In the sixth chapter, "Point of View Q & A," Brady observes: "Overly scrupulous policing (especially in the workshop, by nature predisposed to fault-finding) pressures writers to sacrifice vitality to narrow notions of veracity" (p 101). Her detailed analysis of Alice Munro's "My Mother's Dream," told by the baby she's carrying, suggests that we could "accept it as a retrospective reconstruction of events the narrator has been told throughout her childhood" (p 105). Not that this is unprecedented: Laurence Sterne's "Tristram Shandy," one of my favorite postmodern novels, was published in 1766.
Chapters seven and eight explain the use of synecdoche, metonymy, and patterning of imagery as craft elements in fiction. Brady analyzes Anton Chekov's "Gooseberries," with a helpful Venn diagram, as well as Michael Cunningham's novel "Hours." The ninth chapter, "Showing and Telling," explains how effective telling can artfully include showing as in Tobias Wolff's novel, "Old School."

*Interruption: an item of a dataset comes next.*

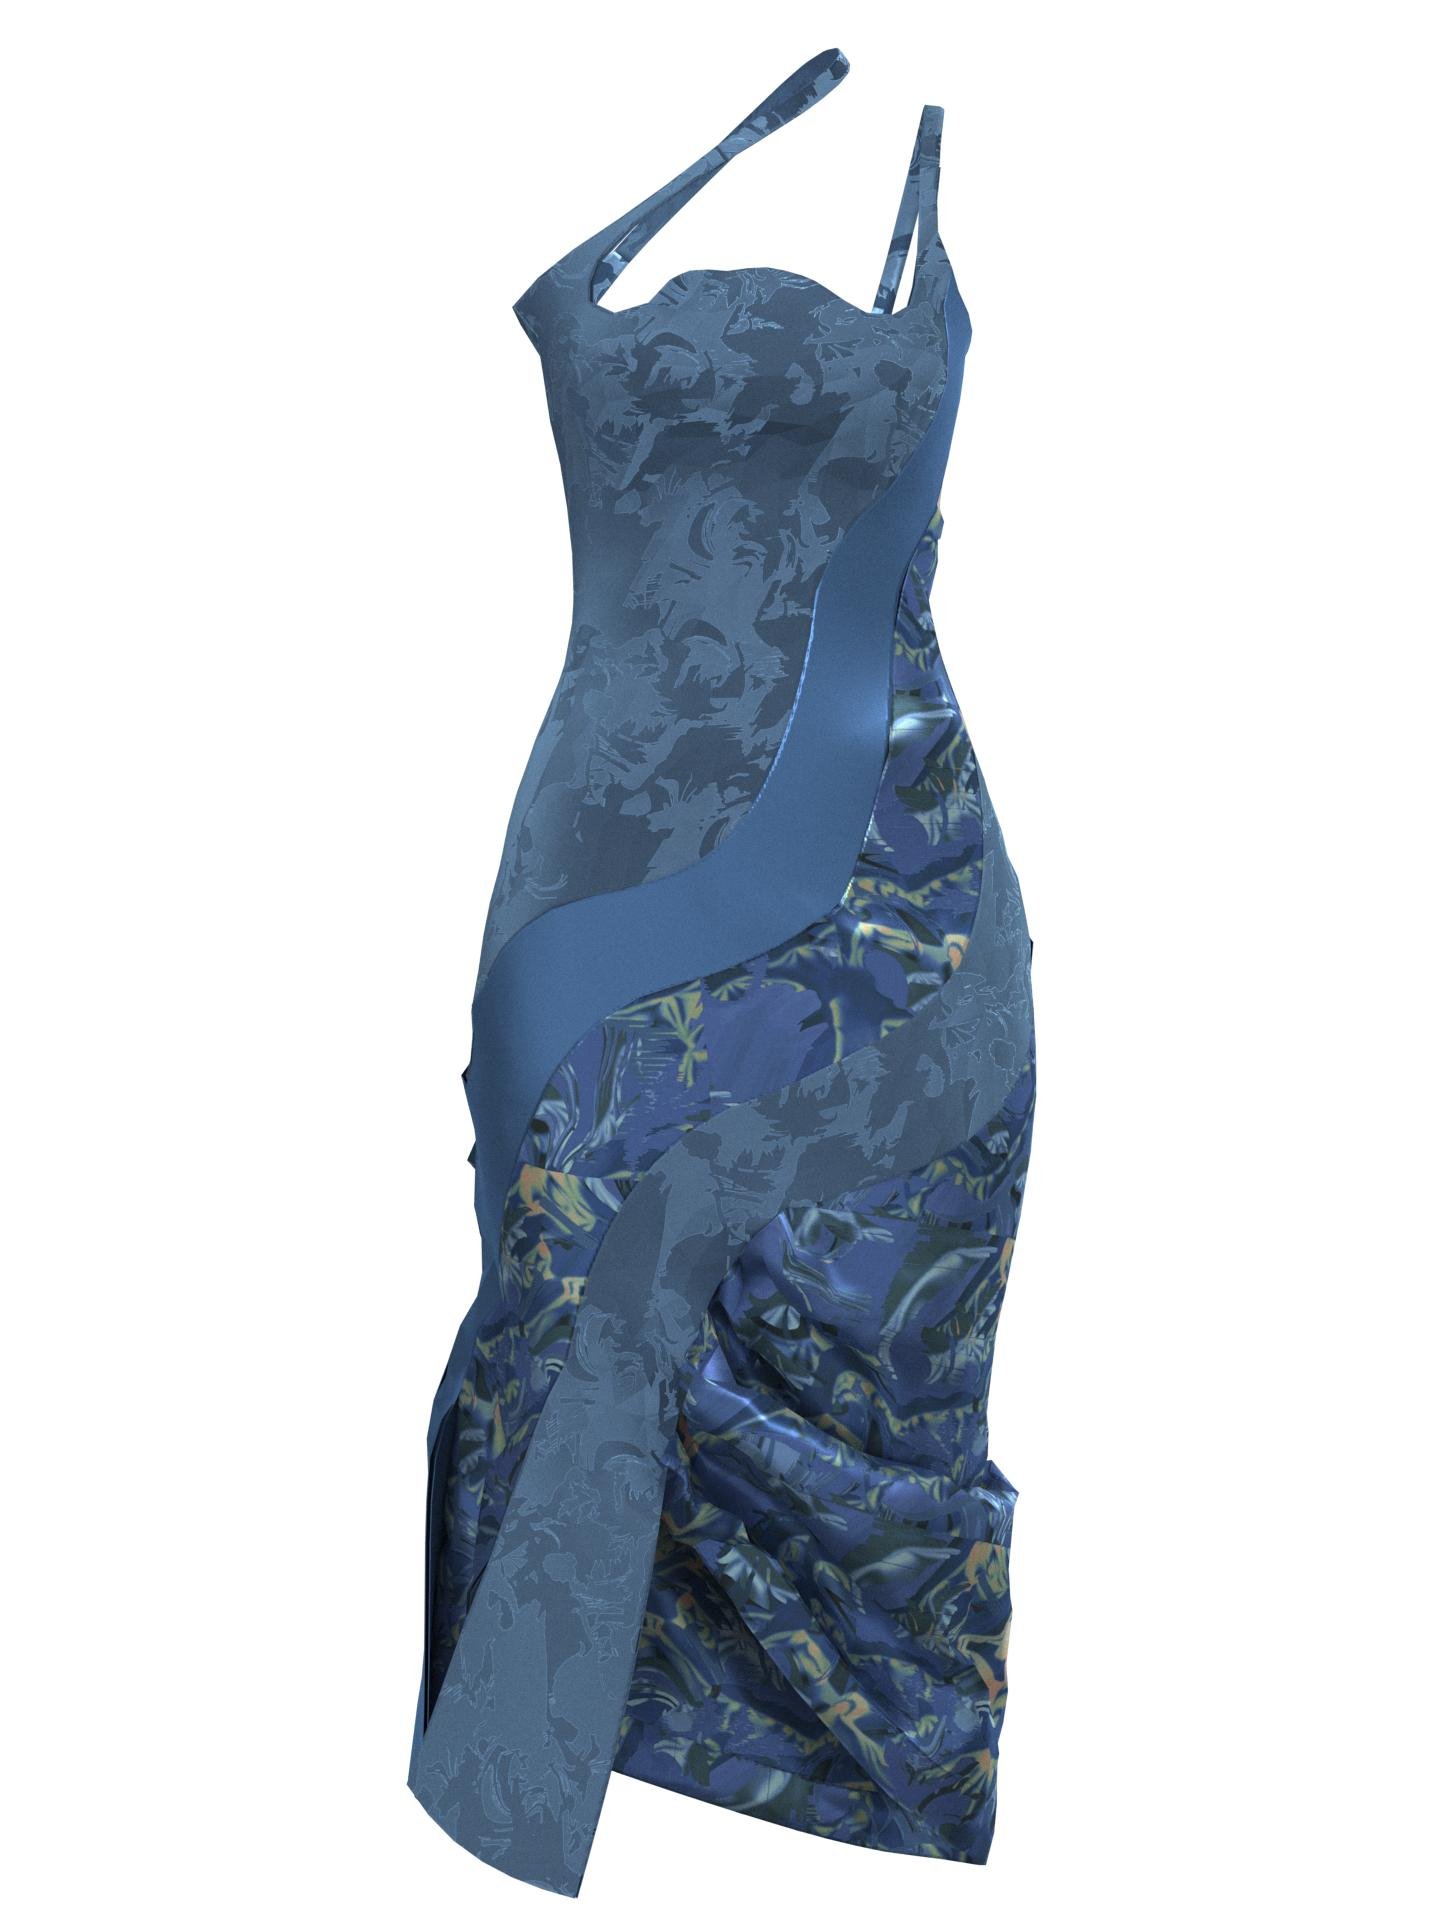 Pleiades Dress by RRY02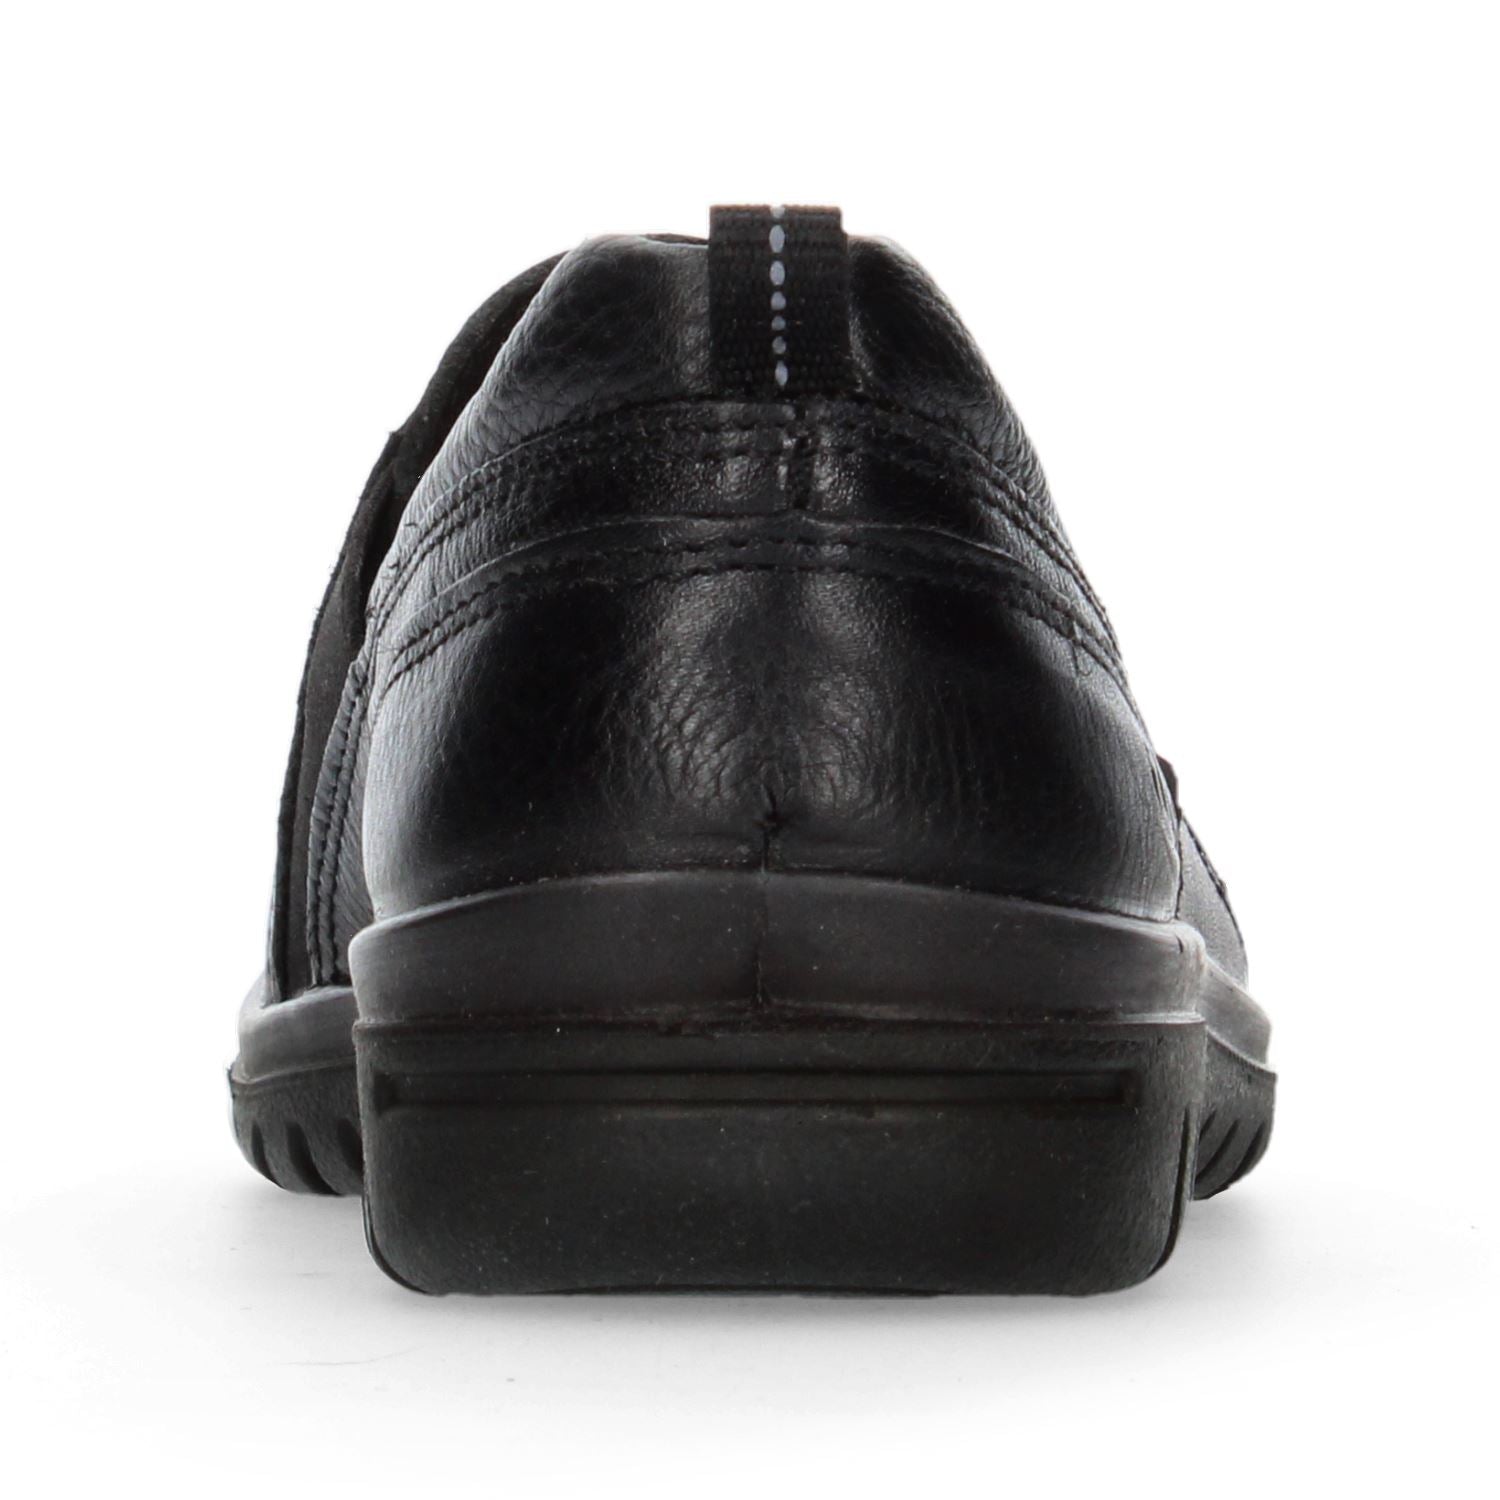 Zapato Confort Flexi Negro para Mujer [FFF3203] División_Calzado FLEXI

In the concluding chapter, "The Sentence as a Touchstone of Style" Brady acknowledges that she can be "a grammar geek," and, but also adds, "Correctness counts, but to be merely correct is tantamount to entering a plow horse in the Kentucky Derby" (p 155). Brady diagrams sentences from George Eliot's "Middlemarch," William Faulkner's "Barn Burning," and Virginia Woolf's "Mrs Dalloway." She concludes with this advice: "Fiction is written sentence by sentence, and the habit of thinking about syntax as a dramatic element should be part of your composing process, not just a task reserved for revision. Despite all the advice books that recommend settling for a sloppy first draft and trusting to revision, a practice of indifference toward syntax usually means a writer will rely on conventional arrangement of works to order conventional ways of seeing. One sentence lead to another, and a bad sentence leads to another like itself" (p 169). Excellent advice for short-story writers. Novel writers would likely find it hard to follow and prefer settling for "a sloppy first draft," deferring concerns about syntax to subsequent drafts.
Brady's fiction-craft book is enhanced with excellent exercises for the intermediate/advanced student.
1 of 1 people found the following review helpful.
Excellent book for broad story logic
By maureen onuigbo
Excellent book for broad story logic, context, themes and subtext. This book is compact and easy to read. It is full of good advice for the beginning and amateur writer. I love it. I stopped highlighting as it looked like I was going to highlight the entire book.
2 of 3 people found the following review helpful.
Story Logic
By goodsteward
This text is great for anyone interested in writing "flash" fiction, creative writing, and advancing in the area of English Language and Literature! Easy and fun read as well.